Appendix: Rename existing properties
When you must deprecate a property and move to a new one, use Sysprop as APIs
to rename your existing properties. This maintains backward compatibility by
specifying both the legacy name and the new property name. Specifically, you can
set the legacy name by the legacy_prop_name
field in the .sysprop
file. The
generated API tries to read prop_name
, and uses legacy_prop_name
if
prop_name
doesn't exist.
For example, the following steps rename awesome_feature_foo_enabled
to foo.awesome_feature.enabled
.
In the foo.sysprop
file
module: "android.sysprop.foo"
owner: Platform
prop {
api_name: "is_awesome_feature_enabled"
type: Boolean
scope: Public
access: Readonly
prop_name: "foo.awesome_feature.enabled"
legacy_prop_name: "awesome_feature_foo_enabled"
}
In C++ code
// is_awesome_feature_enabled() reads "foo.awesome_feature.enabled".

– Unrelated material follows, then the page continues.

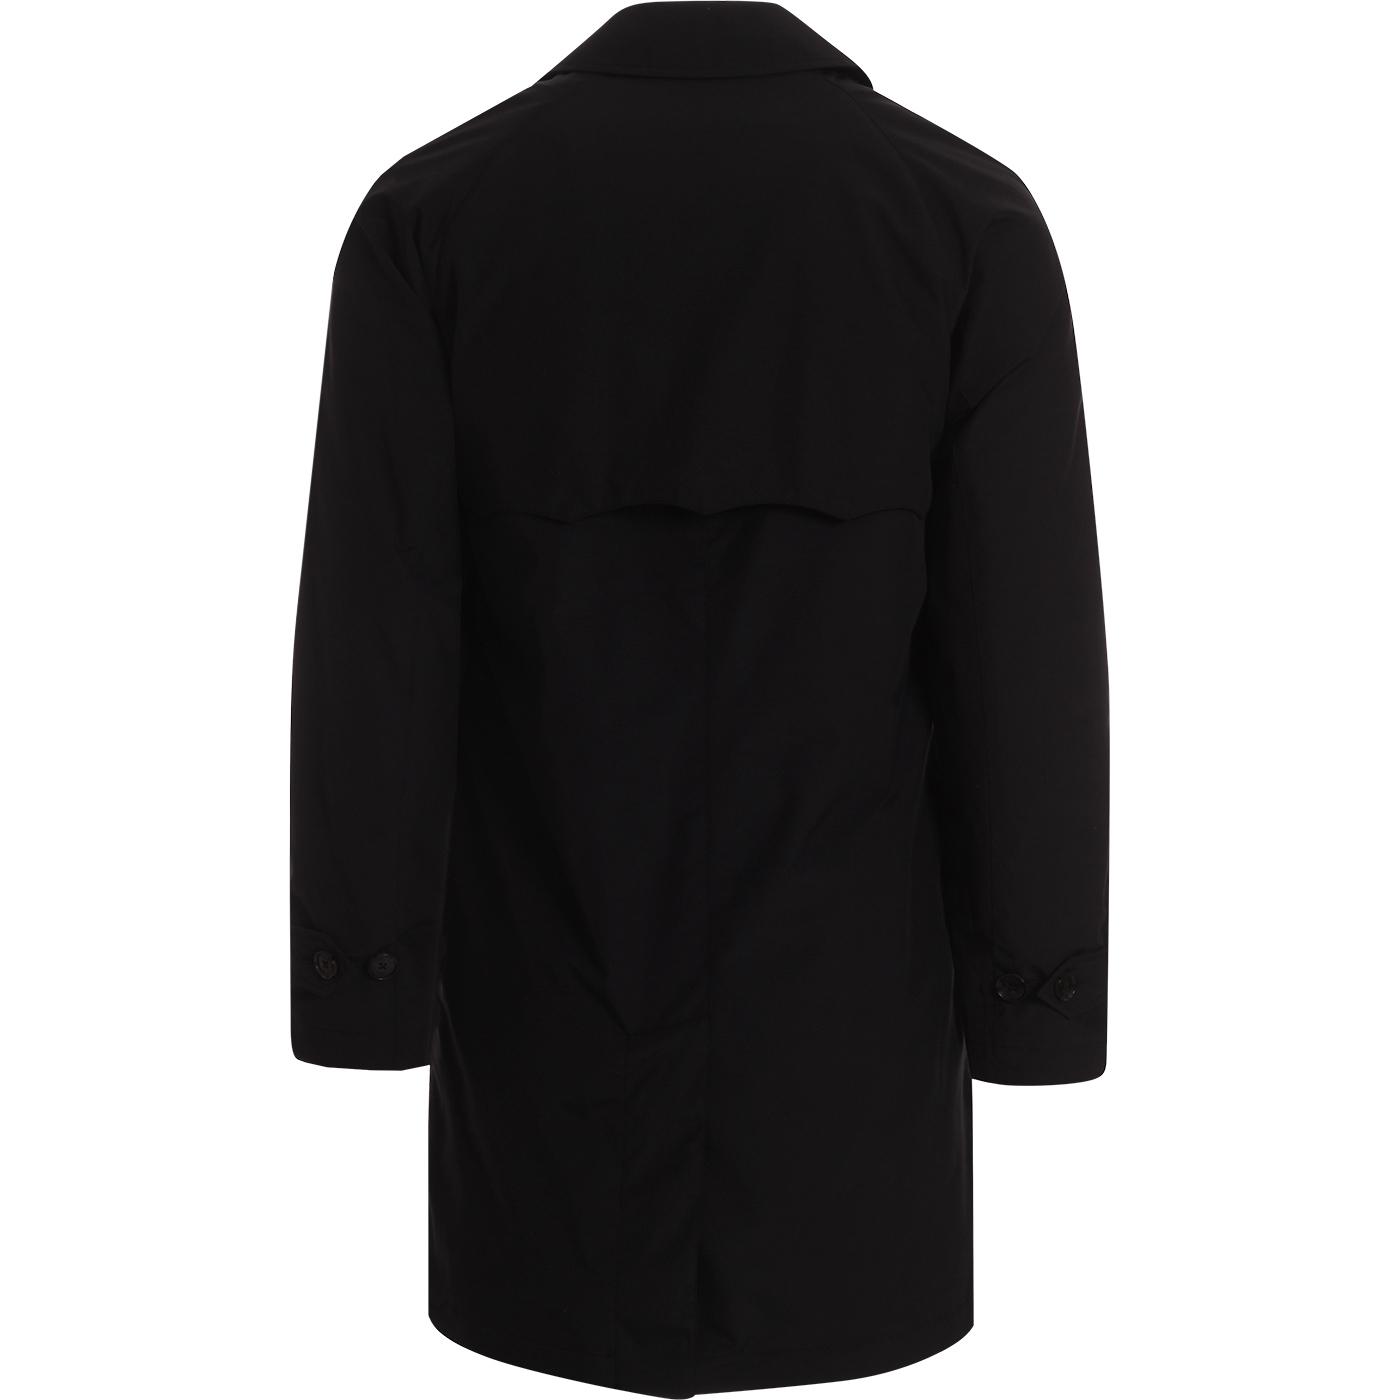 BARACUTA G10 Detachable Lining Mod Raincoat in Black

// If it doesn't exist, reads "awesome_feature_foo_enabled" instead
using android::sysprop::foo;
bool enabled = foo::is_awesome_feature_enabled().value_or(false);
Note the following caveats:
First, you can't change the type of the sysprop. For example, you can't make an
int
prop into astring
prop. You can only change the name.Second, only the read API falls back to the legacy name. The write API doesn't fall back. If the sysprop is a writable one, you can't rename it.